Application Programming Interface (API) is a software intermediary with a set of rules allowing applications and computers to communicate with each other using requests and responses. Cloud applications communicating with servers or operating systems are some examples of API-based interactions.
APIs are needed to increase productivity and to allow data transfer between software components, applications, operating systems, and people by building programmatic interactions. Using APIs, we can improve connectivity, marketing, and collaboration.
What is API Security?
API security is the process of protecting APIs from malicious attacks or misuse. As APIs are very commonly used with sensitive information, they are becoming a primary target for attackers. API Security includes API access control and privacy, as well as the detection and remediation of attacks on APIs through API reverse engineering.
APIs may have vulnerabilities like user authentication, object and function level authorization, code injection, lack of rate limiting, security misconfiguration, and asset management. Organizations must regularly test APIs to identify vulnerabilities and address these vulnerabilities using best security practices.
Why is API Security Important?
API development has increased astronomically in the past few years, as the APIs are used in almost all the applications, fueled by digital transformation along with the role played by APIs in both mobile apps and IoT devices. This increased demand for APIs is making its security a top concern.
API security is needed to avoid risks like excessive data exposure, data breaches, and security misconfiguration and to protect your API keys, passwords, and usernames.
How do I Secure My API?
- Encrypting data through TLS (Transport Layer Security)
- Access Control
- Throttling sensitive information in the API communication
- Remove unnecessary information
- Hashing passwords
- Validating data
- Securing API by establishing an HTTP connection
What Does API Security Need?
API security as a practice overlaps various systems and teams. Any authentication related information like email address, password, OAuth access token, and API token is required to provide security to an API.
API security will contain network security concepts like auditing/monitoring, identity-based security, throttling sensitive information, data security, and rate-limiting. Different methods of authentication set the authorization header differently.
How Does API Security Work?
- Authentication: Checks the identity of an end-user. All the application malfunctioning attempts are blocked at the application level
- Authorization: Determines the resources an identified user can access
- Another layer of security: An extra layer of security is created between the client and data, by throttling sensitive information in the API response
API Security Best Practices
In the end, security is everybody’s job. APIs related to sensitive information, databases, and backend services must be protected from attackers.

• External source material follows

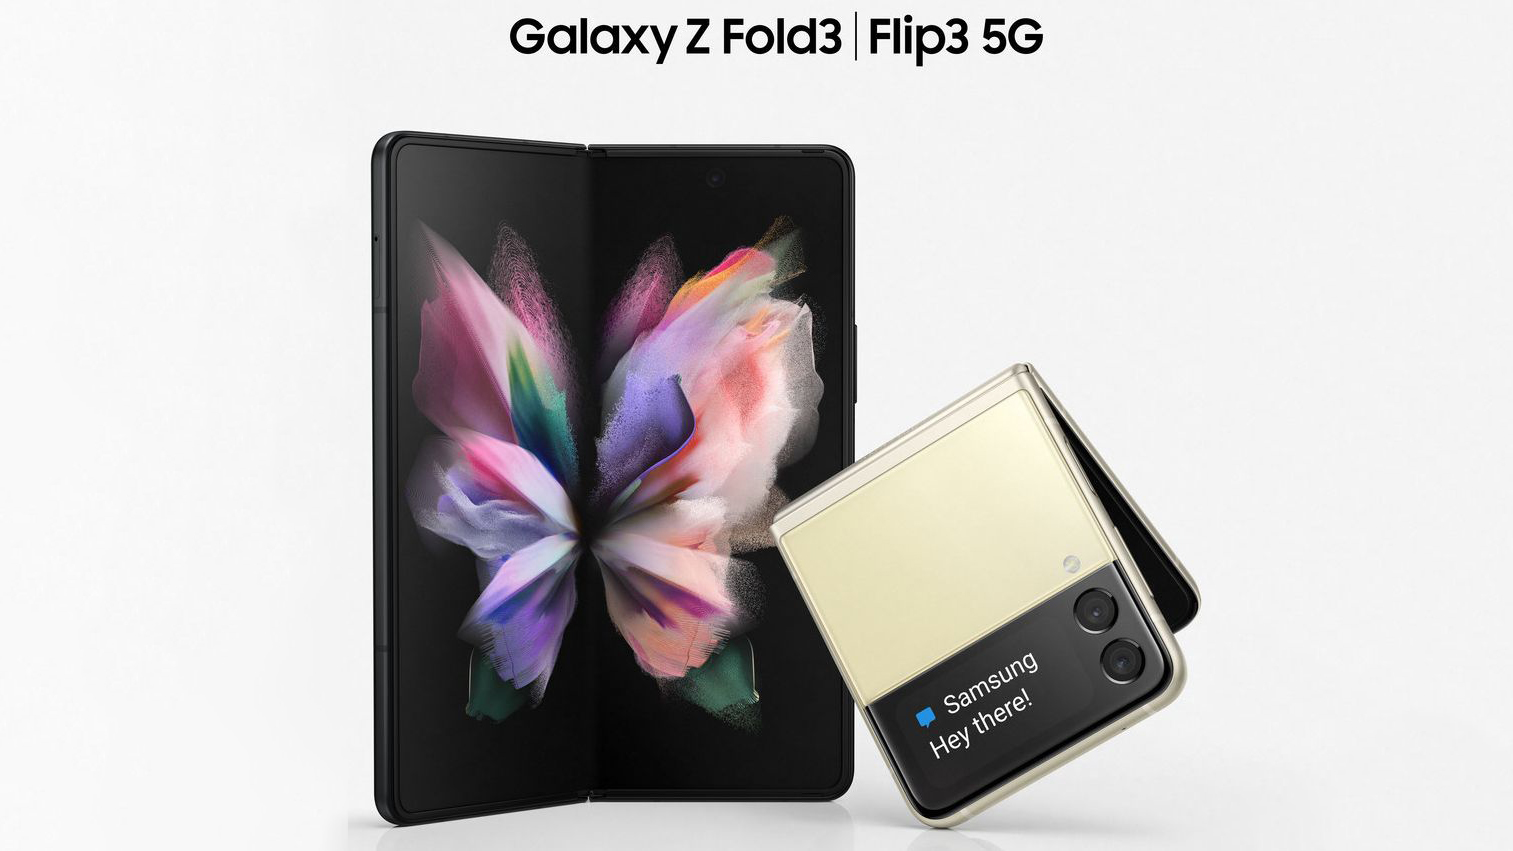 Mời bạn tải bộ ảnh nền Galaxy Z Fold 3 và Galaxy Z Flip 3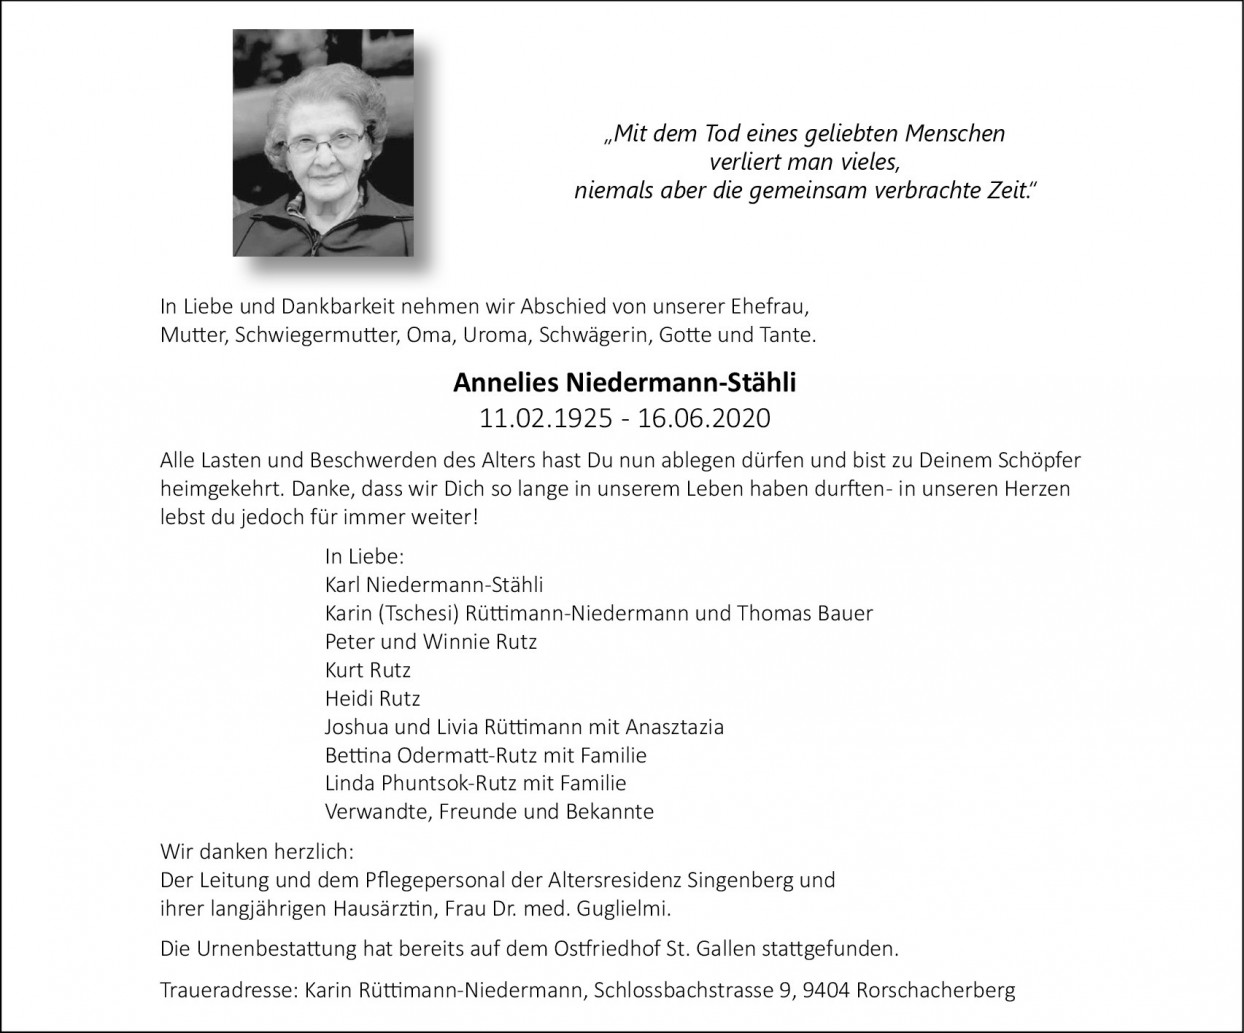 Annelies Niedermann-Stähli

HTTP basic authentication needs to be prevented from displaying prompts for images.
There are many best practices that can be applied in order to secure an API and below are a few of them,
- Inventorying API
- API Access Control
- Threat Detection API Security
- Testing Monitoring and Analytics Across API data
- Continuous Auditing and Incident Response
Advantages with API Security
- Encrypt traffic/data using TLS
- Don’t expose more data than necessary
- Strong authentication and authorization solutions are used
- Prioritize security
- Inventory and manage your APIs
- Practice the principle of least privilege
- Remove information that’s not meant to be shared
- Validate input
Nowadays, every business has API threats like breaches of backend systems, degrading API performance, and exposure of sensitive data. So, there is a need to build an architecture that ensures APIs are constantly being monitored and tested to reduce risk levels before attackers misuse the API data.